Grade 0 = No artifacts; Grade 1 = Artifact visible in the subcutaneous tissue, good diagnostic quality; Grade 2 = Artifact <5 mm in fibro-glandular tissue (FGT), good diagnostic quality; Grade 3 = Artifacts >5–10 mm in FGT, readable with minimally impaired clinical assessment; Grade 4 = Artifact >11–30 mm in FGT, readable with slight impaired clinical assessment; Grade 5 = Artifact >30 mm in FGT, impaired clinical assessment.

Chi-square test.

Abbreviations: MRI: magnetic resonance imaging, T1 = longitudinal relaxation time, T2 = transverse relaxation time.

Modified SDIEQ

Between 6 and 12 months after surgery, 76.0% (38/50) of the patients answered the SDIEQ at one timepoint (either at 6 or 12 months). Out of the 27 patients with a skin discoloration, only one patient reported “a lot” to “very much” discomfort in all five different aspects. The size of the discolored skin in this patient measured 0.55 cm², ranking as the 18th largest discoloration within the group, with the remaining skin discolorations.

Residual magnetic counts

The injection site in the breast was measured for transcutaneous residual magnetic counts, with a median magnetic residual count of 9999 (IQR 4575-9999) immediately after surgery, 8020 counts (IQR 3400–9999) at 1 month follow-up, 4038 counts (IQR 1450–9999) at 6 months, and 1400 counts (IQR 589–3900) at 12 months. The transcutaneous residual magnetic counts were lower in patients when the skin discoloration had been removed (Table 5).

Table 5.

The residual SPIO counts after surgery depending on whether the skin discoloration was removed or not.

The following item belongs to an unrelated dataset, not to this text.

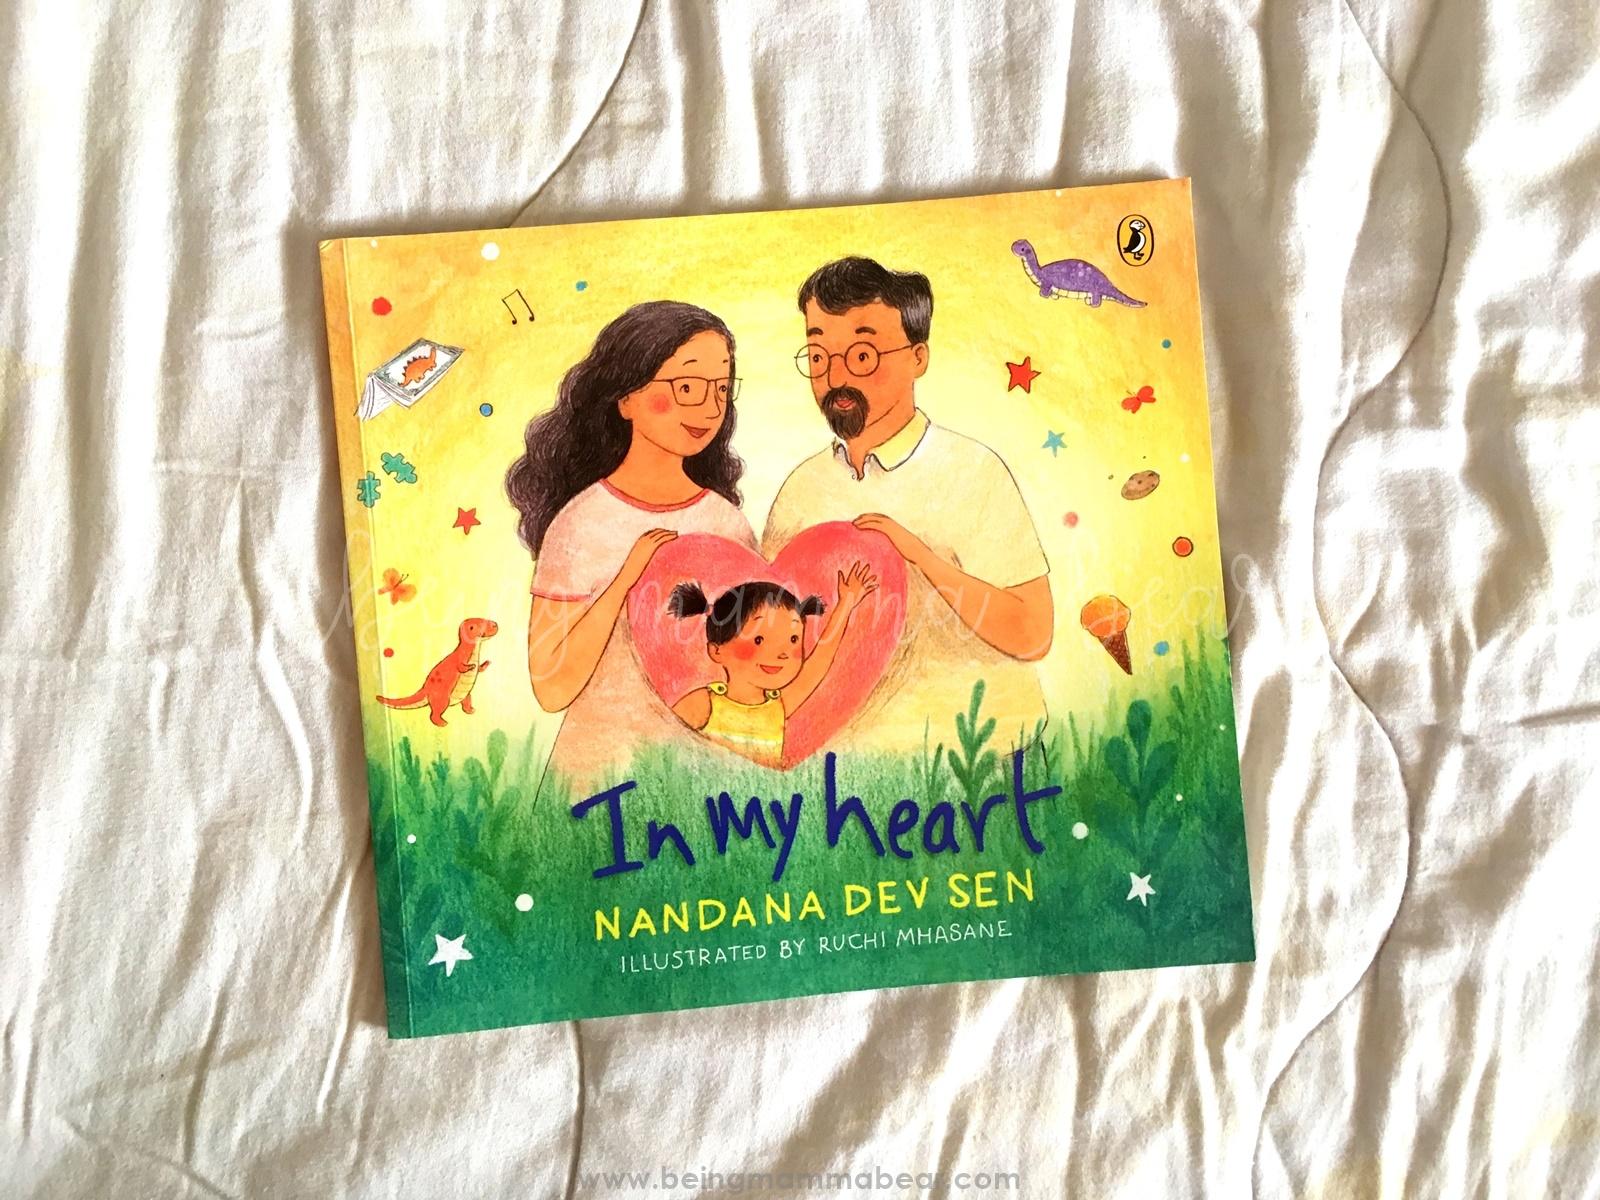 Being Mamma Bear Book Review In My Heart Nandana Dev Sen Ruchi Mhasane Puffin Books Penguin Random House - 4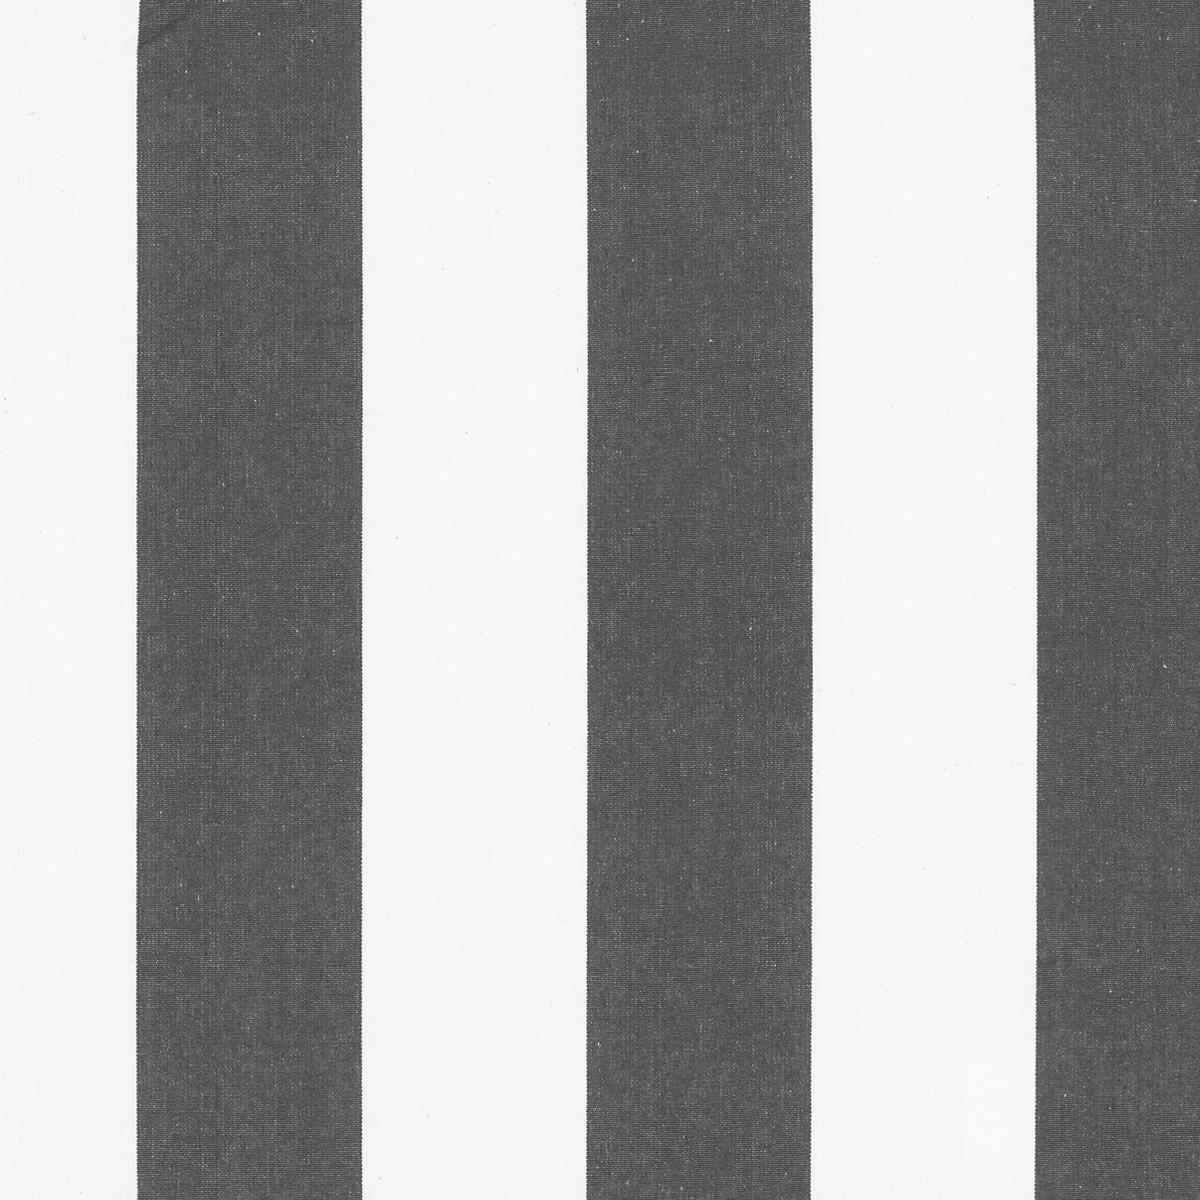 Alex Shale Fabric

Follow-up period	Residual SPIO counts Removed skin discoloration		p-value*
	Yes	No
After surgery	5454 (3360–9999)	9999 (9999–9999)	0.001
1 month	3100 (900–4853)	9999 (6510–9999)	<0.001
6 months	2200 (420–3800)	7406 (3800–9999)	0.006
12 months	1002 (251–1825)	2200 (1100–5500)	0.016

SPIO, superparamagnetic iron oxide.

Mann–Whitney U test.

Discussion

In the first report of the MAGSNOW trial, SLN detection was feasible in all 50 patients using an intradermal ultra-low dose of 0.1 mL SPIO.¹⁴ In the present pre-planned follow-up of the secondary endpoints, MRI artifacts and skin discoloration were evaluated. None of the patients showed MRI artifacts deemed to be of any major impact on the radiological assessment of the breast gland. The skin discolorations after the intradermal injections were small and remained similar in size during the 12-month follow-up Fig. 2. Importantly, even if there was a remaining skin discoloration, this did not have an impact on the patient-reported experience.

Fig 2.

Follow-up of typical skin discoloration in a woman after 0.1 mL intradermal SPIO injection.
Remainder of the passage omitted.